**ACTIVITY**: Below are records with pictures. Transcribe exactly, and only, the lines from the line with "RUSSLAND - UM" to the line with "Tall girls for short kings shirt", both ends included, but not the pictures.

**EXERCISE INPUT**:
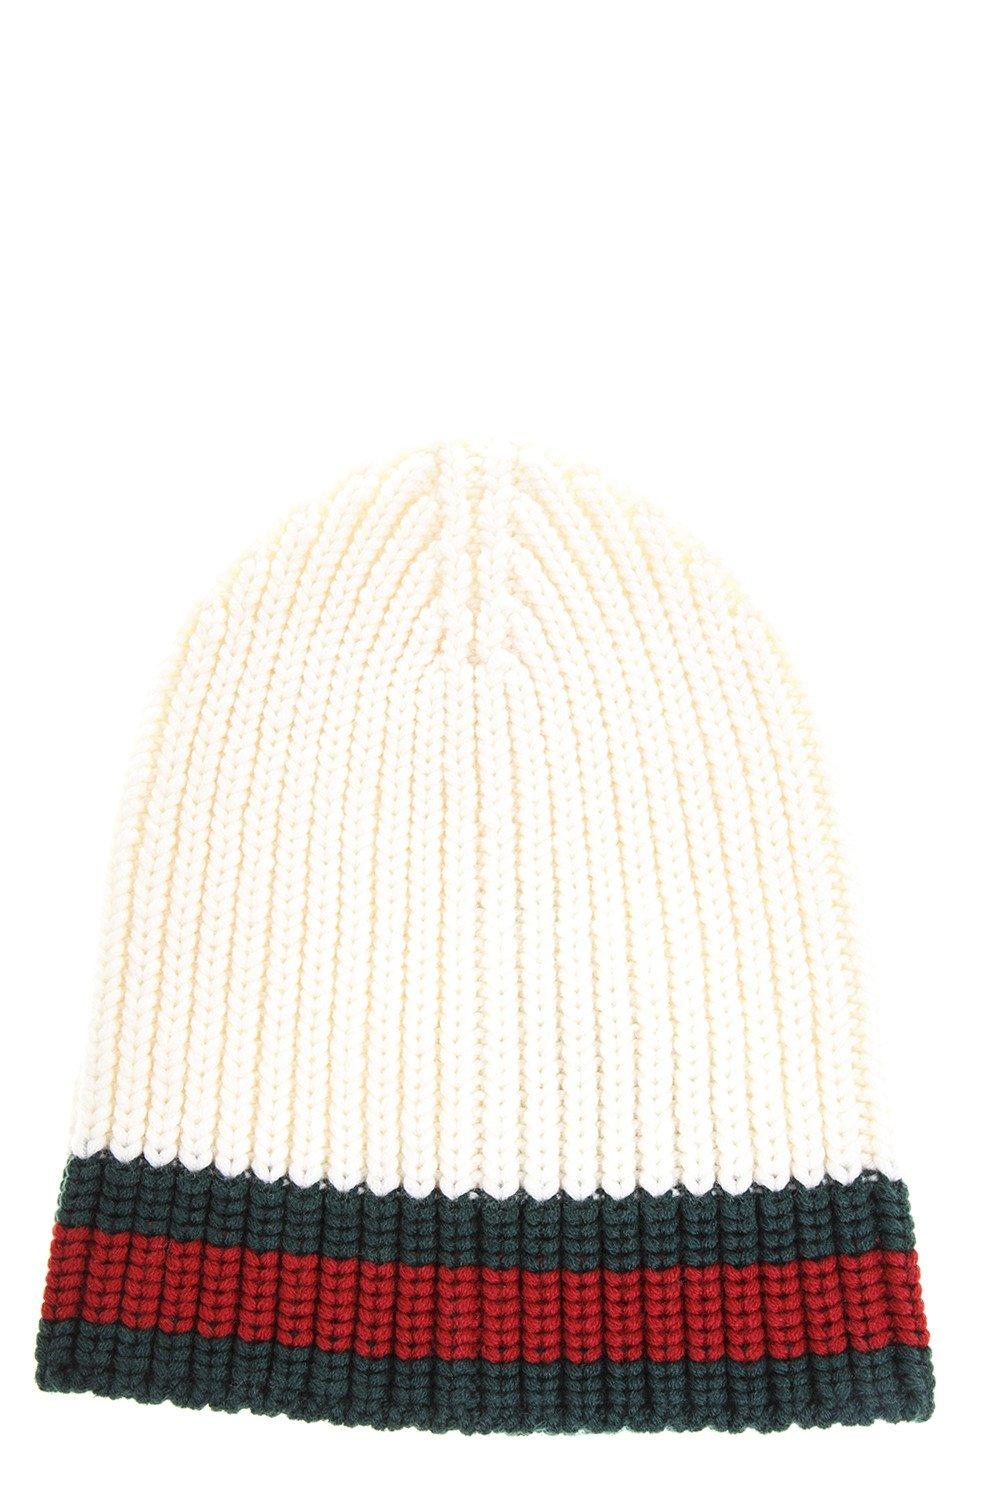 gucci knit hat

* * *

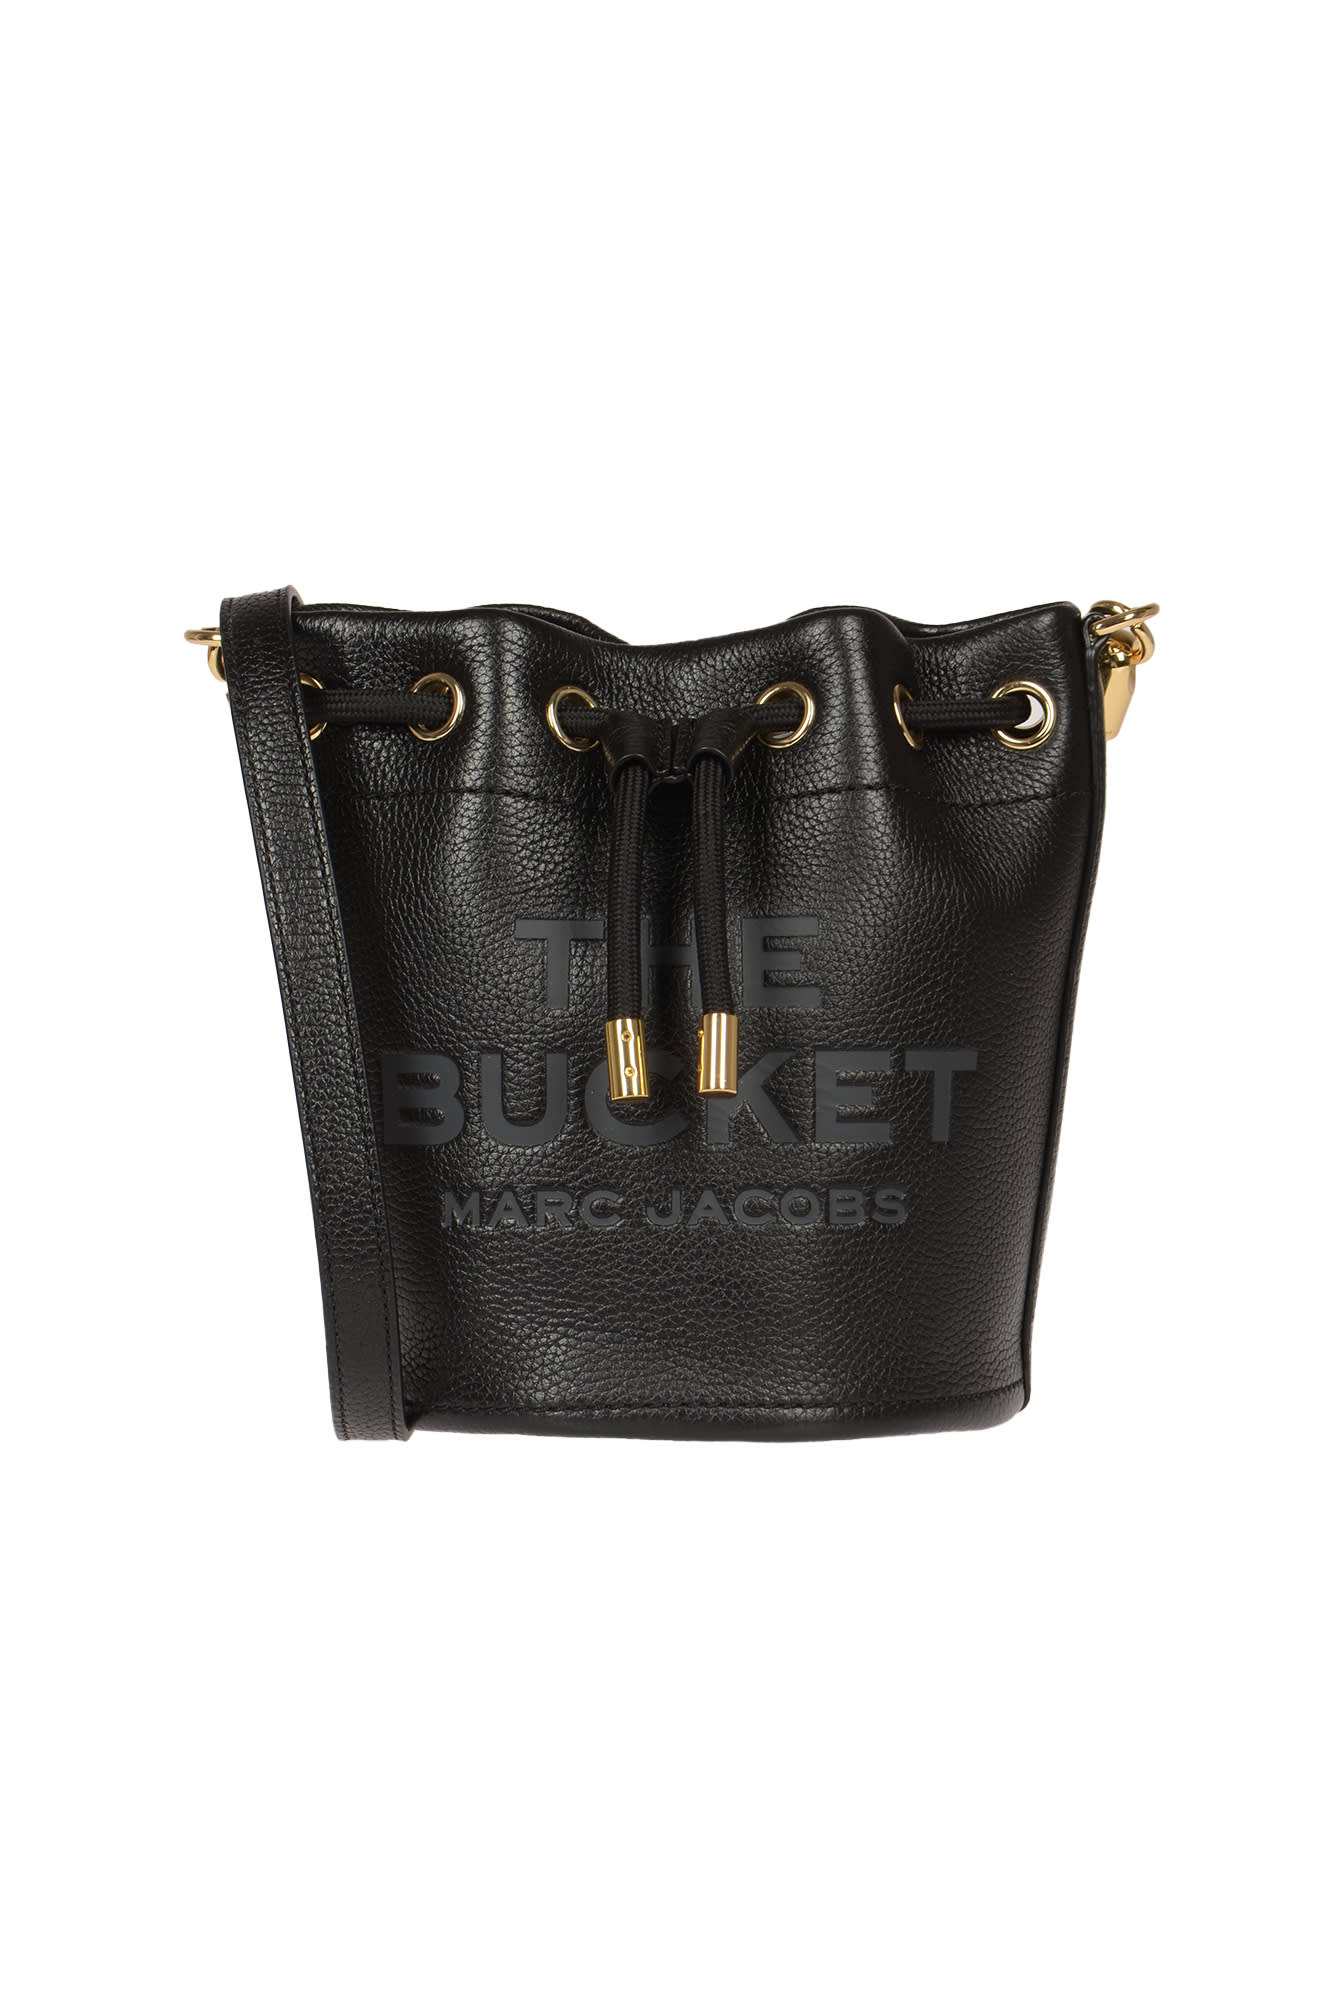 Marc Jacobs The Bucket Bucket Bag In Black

---

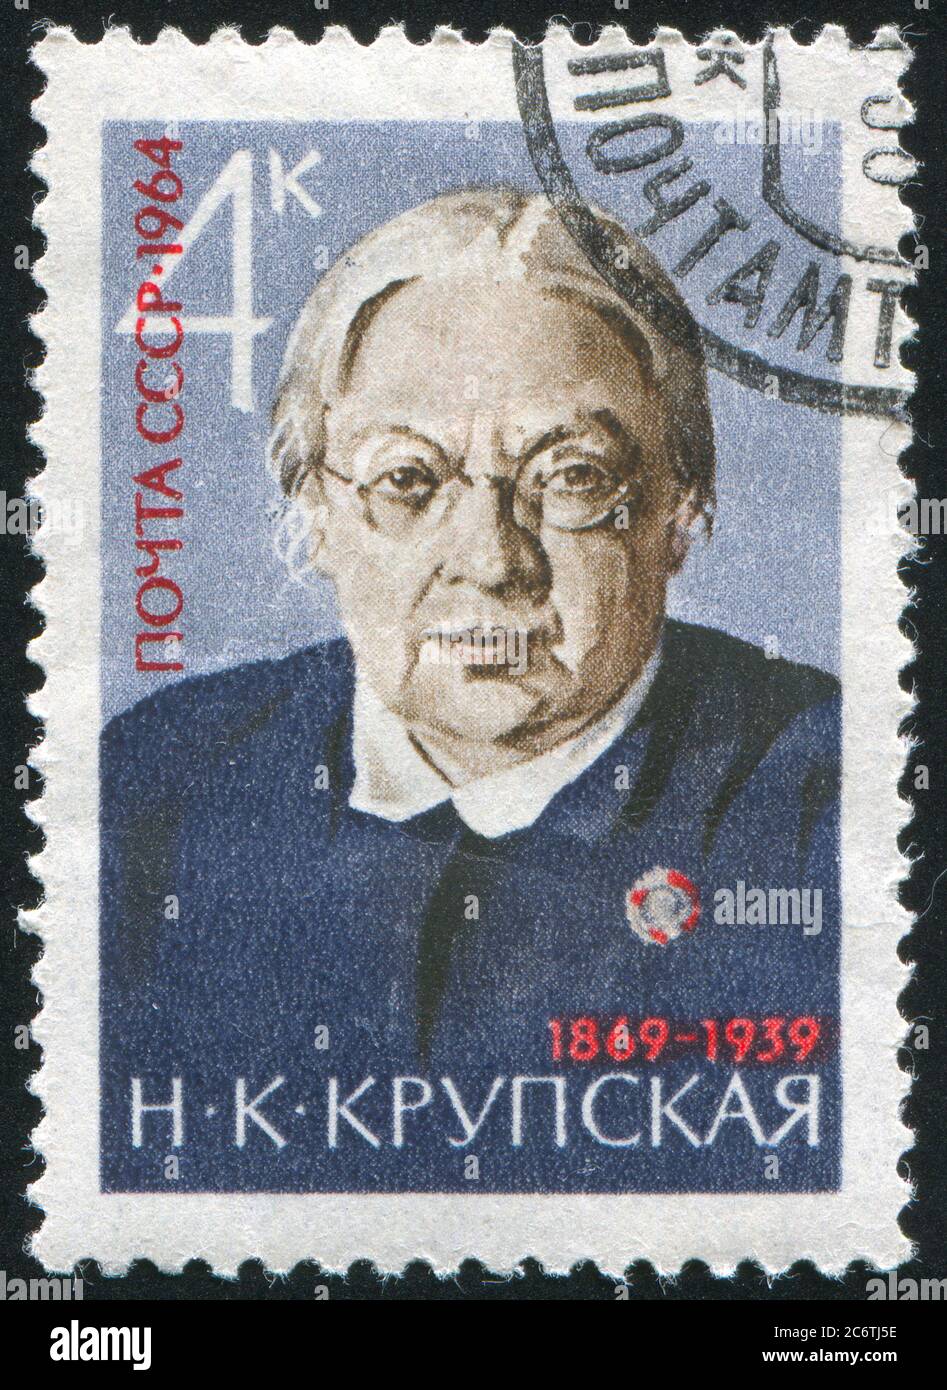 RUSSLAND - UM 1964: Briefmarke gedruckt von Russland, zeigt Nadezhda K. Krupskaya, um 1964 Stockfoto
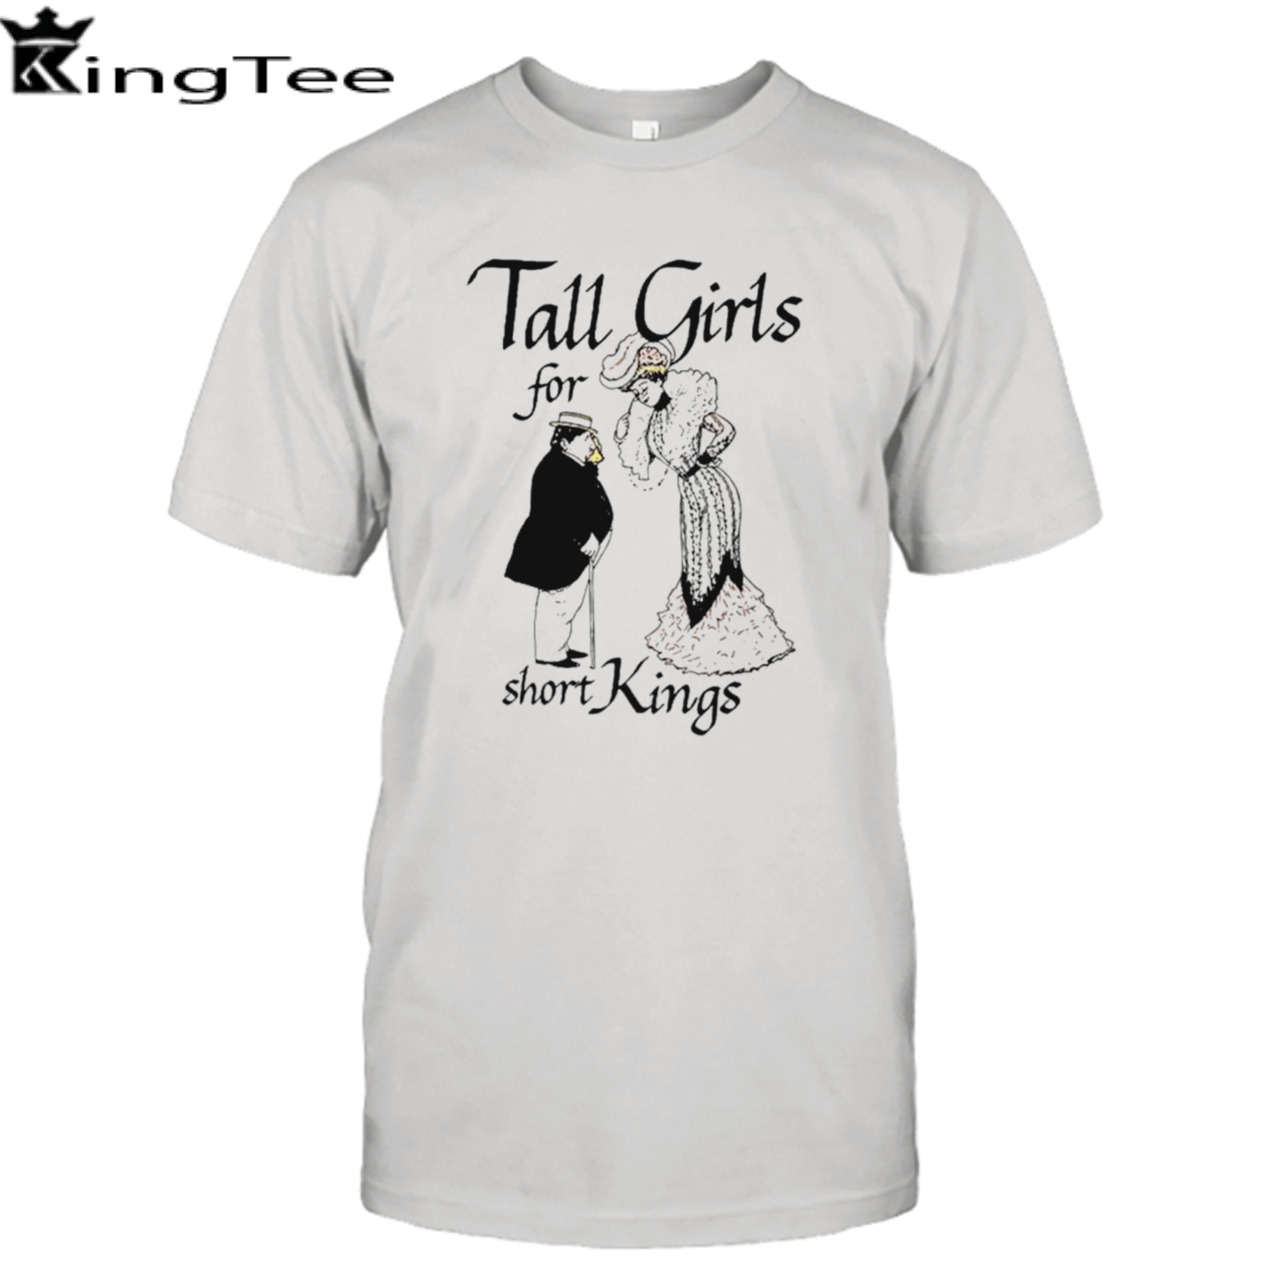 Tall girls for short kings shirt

**SOLUTION**:
 RUSSLAND - UM 1964: Briefmarke gedruckt von Russland, zeigt Nadezhda K. Krupskaya, um 1964 Stockfoto
 Tall girls for short kings shirt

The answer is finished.